El miércoles, el crudo Brent cerró a 81,40 dólares, manteniendo su nivel después de una jornada con menos volatilidad en comparación con las anteriores. Los operadores siguen de cerca la situación del conflicto entre Estados Unidos e Israel contra Irán, y su posible repercusión en el tráfico petrolero por el estrecho de Ormuz, un punto estratégico para el comercio energético global.
El martes, los precios del petróleo subieron un 4,71%, superando los 85 dólares por barril, algo que no se observaba desde julio de 2024. El lunes, el incremento fue aún más notable, con un 7,26% de alza, y en la madrugada, el precio llegó a incrementarse más del 13% tras la reacción inicial al ataque conjunto contra Irán, que ha repercutido en otros países de la región.
Ante el riesgo de interrupciones en el suministro, el presidente estadounidense Donald Trump comunicó que su administración ofrecerá seguros de riesgo político a un costo accesible para las navieras que operen en el estrecho de Ormuz, por donde circula aproximadamente el 20% del petróleo mundial.
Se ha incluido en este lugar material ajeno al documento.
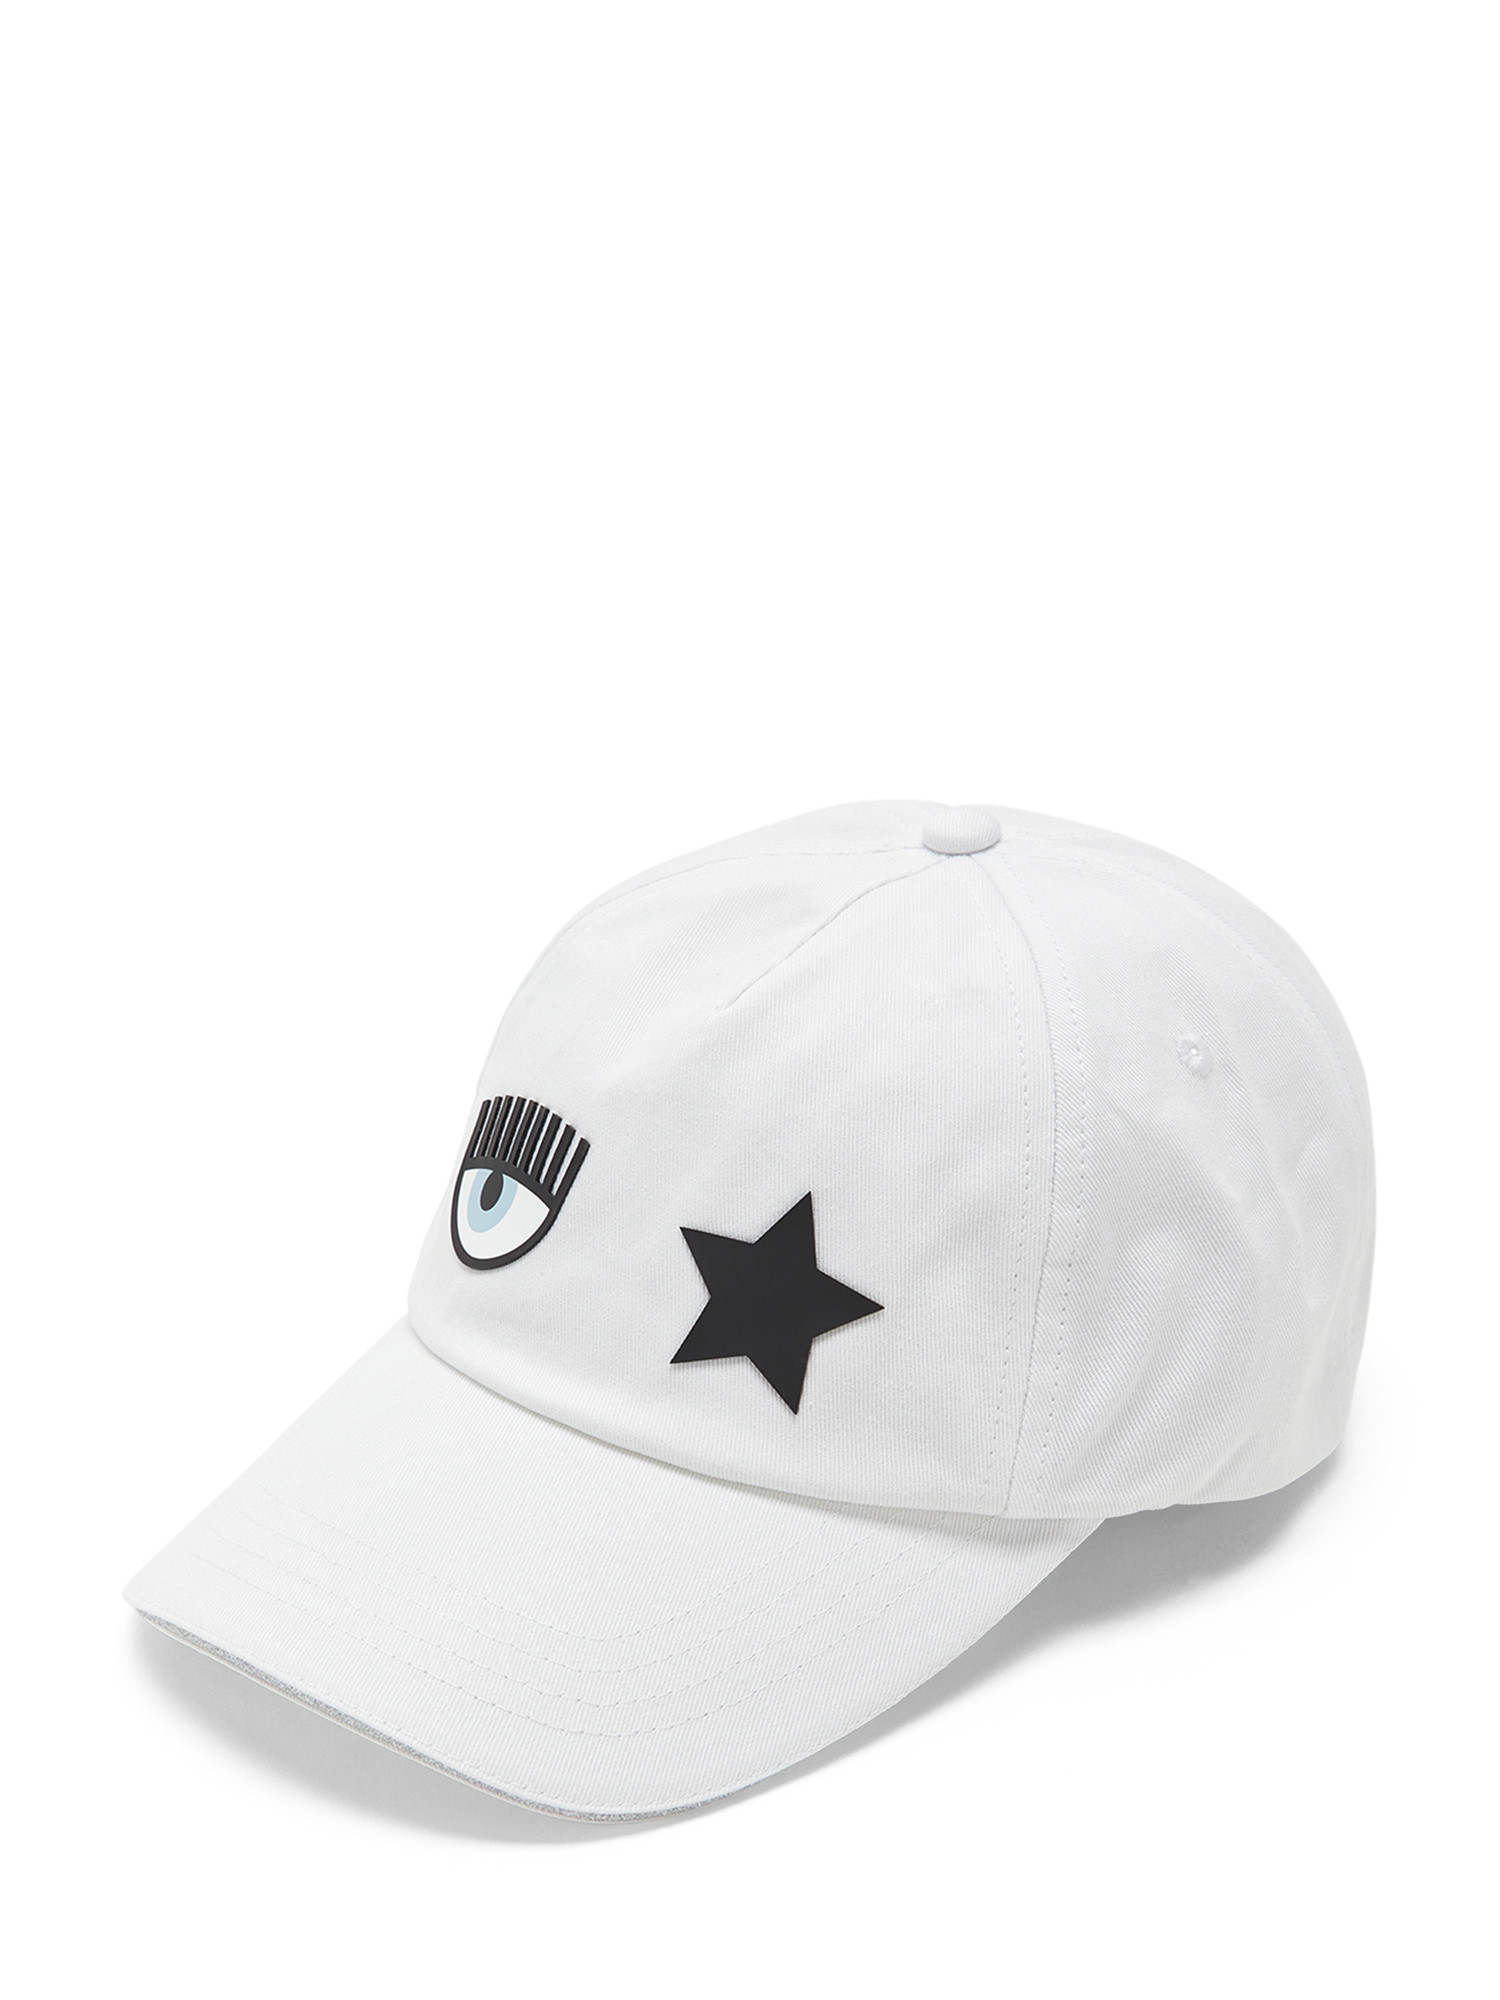 Chiara Ferragni - Eye Star baseball hat, White, large image number 0

No obstante, la Casa Blanca no proporcionó fechas específicas para asegurar la navegación. La portavoz, Karoline Leavitt, indicó que la Marina estadounidense escoltaría a los petroleros «cuando sea necesario».
Por su parte, el petróleo intermedio de Texas (WTI) también mostró una importante alza, aumentando un 3,95% antes de la apertura del mercado en Estados Unidos, alcanzando los 77,61 dólares por barril.